Ну и ладно! Это Теодоров как-нибудь переживет. Но Маруся! Что произошло с ней за эту промелькнувшую неделю? С недоумением и брезгливостью вчитывается Теодоров в ее похождения. Он испуган, сражен, подавлен. Господи! Где же его славная, незаурядная Маруся? Кто и как сумел подменить ее этой примитивной ходульной однофамилицей? Кто, какой злоумышленник, какой бездарь так поработал в отсутствие Теодорова над его рукописью? Неправда правит бал на этих листах. Тошно мне, тошно. Только под угрозой заключения в одиночку можно читать такой текст. И Теодоров, осилив лишь две трети полуфабриката о Марусе, отшвыривает стопку листов. Они разлетаются по кухне и устилают пол, как… как… как обожравшиеся дохлые чайки. Он сидит как мертвый, пока сигарета не обжигает пальцы. Так. Так. Вот так. Значит, все-таки не бесследно проходят его упорные гомерические возлияния? Деградирует, да? Паутина затягивает мозги. С коротким писком массово погибают, как лемминги, нервные клетки. Тускнеет, теряя накал, воображение. Скудеет, лишайсь притока слов, память. Замедляется бег крови. И вот уже потеряно главнейшее – способность к самосуду. И вот уже смелым подъемом на Джомолунгму кажется то, что на самом деле – крутой спуск к бесплодным каменистым плоскогорьям. Иначе как бы он мог допустить такую оплошку с Марусей? Мертворожденная деваха! Сколько дней он, как некрофил, наслаждался ей! Что будем делать, Теодоров?

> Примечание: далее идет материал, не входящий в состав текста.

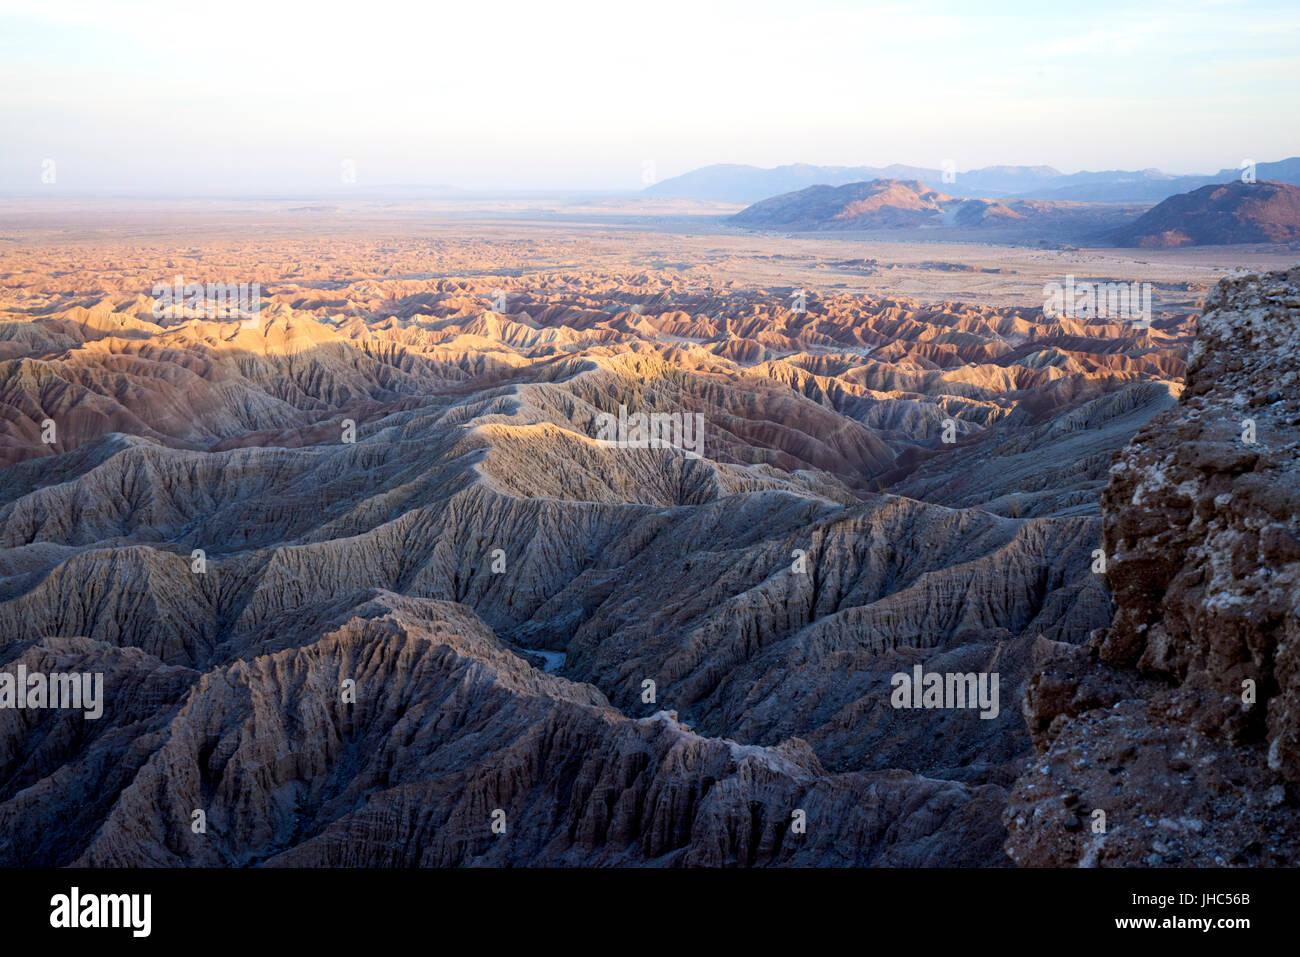 hazy hot vast desert landscape with mountains, ridges, valleys, bathed in evening light - Stock Image

Илюша выдает мне остатки денег из сейфа. Лучше не считать их: и без того ясно, что с коммерческими магазинами придется подождать. Но поездка на материк еще пока возможна, и я звоню Никодимову. Уполномоченный литфонда изволят острить: наверняка, дескать, сегодня выпадет снег, ибо Теодоров трезв. «Пошел на х..!» – мысленно отвечаю я ему. Не расположен я слушать сегодня ветеранские шуточки. Никодимов один из тех, кто не добреет и не мудреет с возрастом, а наоборот, ожесточается на всех, кто моложе его… вот что странно. Но с путевкой все в порядке. Москва обещает мне отдых в Малеевке, и Никодимов, хочет он того или нет, обязан выдать проездные деньги.
С поездкой, таким образом, проясняется. С Марусей тоже все ясно: ее не воскресить. Марусю надо кремировать, а пепел развеять по ветру. А что мне делать с Елизаветой Семеновой? С ней не разделаешься так просто.
Я звоню в редакцию газеты «Свобода». Отвечает не кто-нибудь, а Суни. Ее-то голосок с легким международным акцентом я способен отличить от других.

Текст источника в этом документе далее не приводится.